In der run-methode ab Zeile 35:

* Wieso hast du da eine While-Schleife? Es reicht das Paket einmal abzuarbeiten und dann die run-Methode wieder zu verlassen, sprich den Thread zu beenden.
* Wo bricht die Schleifen denn ab? Abbruchbedingung?
* Und wieso liest du in Zeile 43 nochmal ein Packet? Du hast das Packet doch schon in der Main gelesen.

Der Rest sieht okay aus.

Wieviele Pakete gehen denn beim Server ein dass du da "Performanceprobleme" bekommst?

- Alex


----------



## lordnikon (8. Nov 2007)

Wir haben es so umgestellt das der "Haupt"thread die Pakete empfängt und dann einen Thread startet der die Bearbeitung des Threads übernimmt.
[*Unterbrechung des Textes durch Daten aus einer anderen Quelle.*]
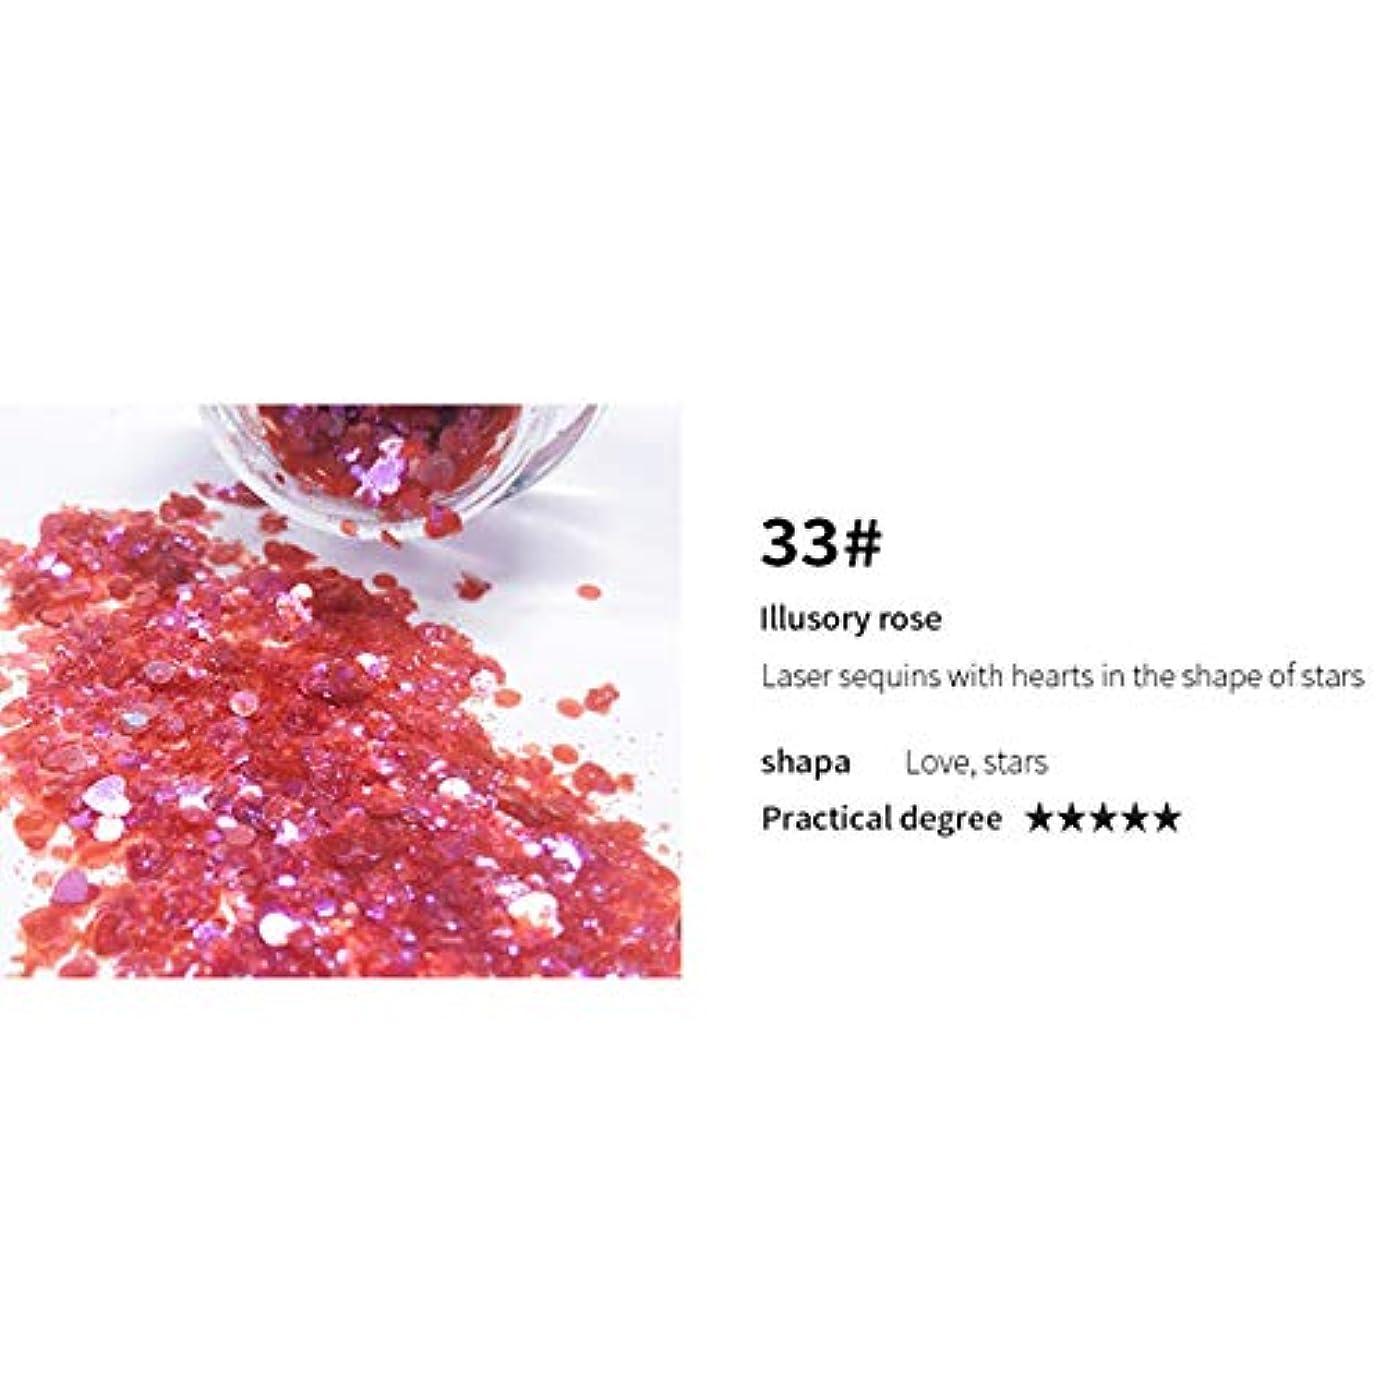 ロータリーペルソナ極地ACHICOO キラキラパウダー 34色 スパンコール パーティーメイク 輝く カラフル 顔·目·リップ·ボディ·ヘアグリッターフラッシュ ネイル化粧品 ファッション 女性 33#

In der Zeit bei dem dieser Thread gestartet wird kann der Hauptthread keine Pakete empfangen!


----------



## tuxedo (8. Nov 2007)

Naja, "hexen" kann kein Programm. Du kannst ja schlecht das Starten des Bearbeitungsthreads auch noch in einem Thread auslagern. 

Probier mal das starten des Barbeitsungsthread so zu verkürzen wie ich's dargestellt hab. 

Die von mir aufgezählten Punkte hast du jetzt dummerweise nicht angesprochen. Wie schaut's damit aus?

Allgemein: Da UDP ja verbindungslos ist, solltest du für "wichtige" Pakete eine Eingangsbestätigung zurück an den Client schicken. Und beim client ein TimeOut einbauen: "Wenn in Zeit X keine Antwort kommt: Nochmal schicken".

- Alex


----------